Let $H$ be a separable complex Hilbert space and $T:H\to H$ a bounded operator. Assume that the spectrum of $H$ is $\{0\}$, i.e. $T-\lambda I$ has a bounded inverse for every $\lambda\in\mathbb C\setminus\{0\}$. In finite dimensions, this would imply that $T$ is nilpotent ($T^n=0$ for some $n$). I wonder if there is something similar in the infinite dimensional case. The precise formulation I have in mind is the following.

It is easy to see that there is a maximal subspace $X\subset H$ such that $T(X)=X$. This is a purely set-theoretic fact, a sort of explicit construction is the intersection of the images of iterations of $T$ up to and beyond infinity (via transfinite induction).

Question: can it happen that $X\ne\{0\}$?

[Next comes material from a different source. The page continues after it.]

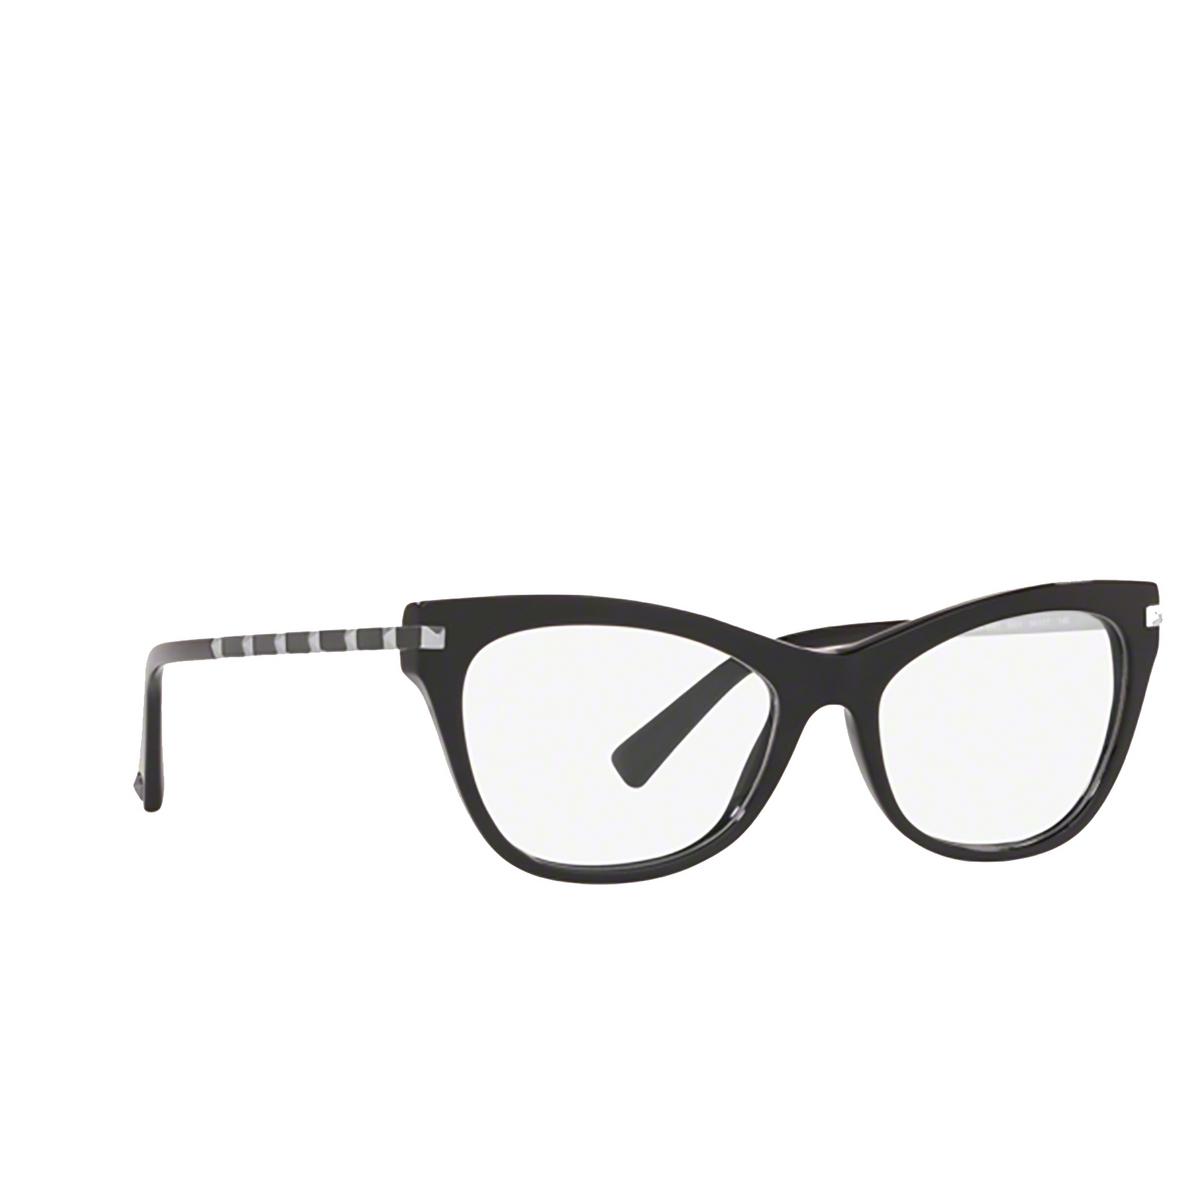 Valentino® Cat-eye Eyeglasses: VA3041 color Black 5001 - three-quarters view.

Here are some observations that I made:

  • $T$ cannot be onto. (I derived this from some random Wikipedia quotes so there are high chances of error; please correct me if I am wrong.) It follows that a nontrivial $X$ cannot be closed.

  • If there is an example, then there is one where $X$ is dense. Just take the closure of $X$ for $H$.

  • It is possible that $T(H)$ is dense. My example is the shift in $\ell^2(\mathbb Z)$ composed with a mutiplication by a positive function (sequence) that goes to zero at both ends. Again, please correct me if I am wrong.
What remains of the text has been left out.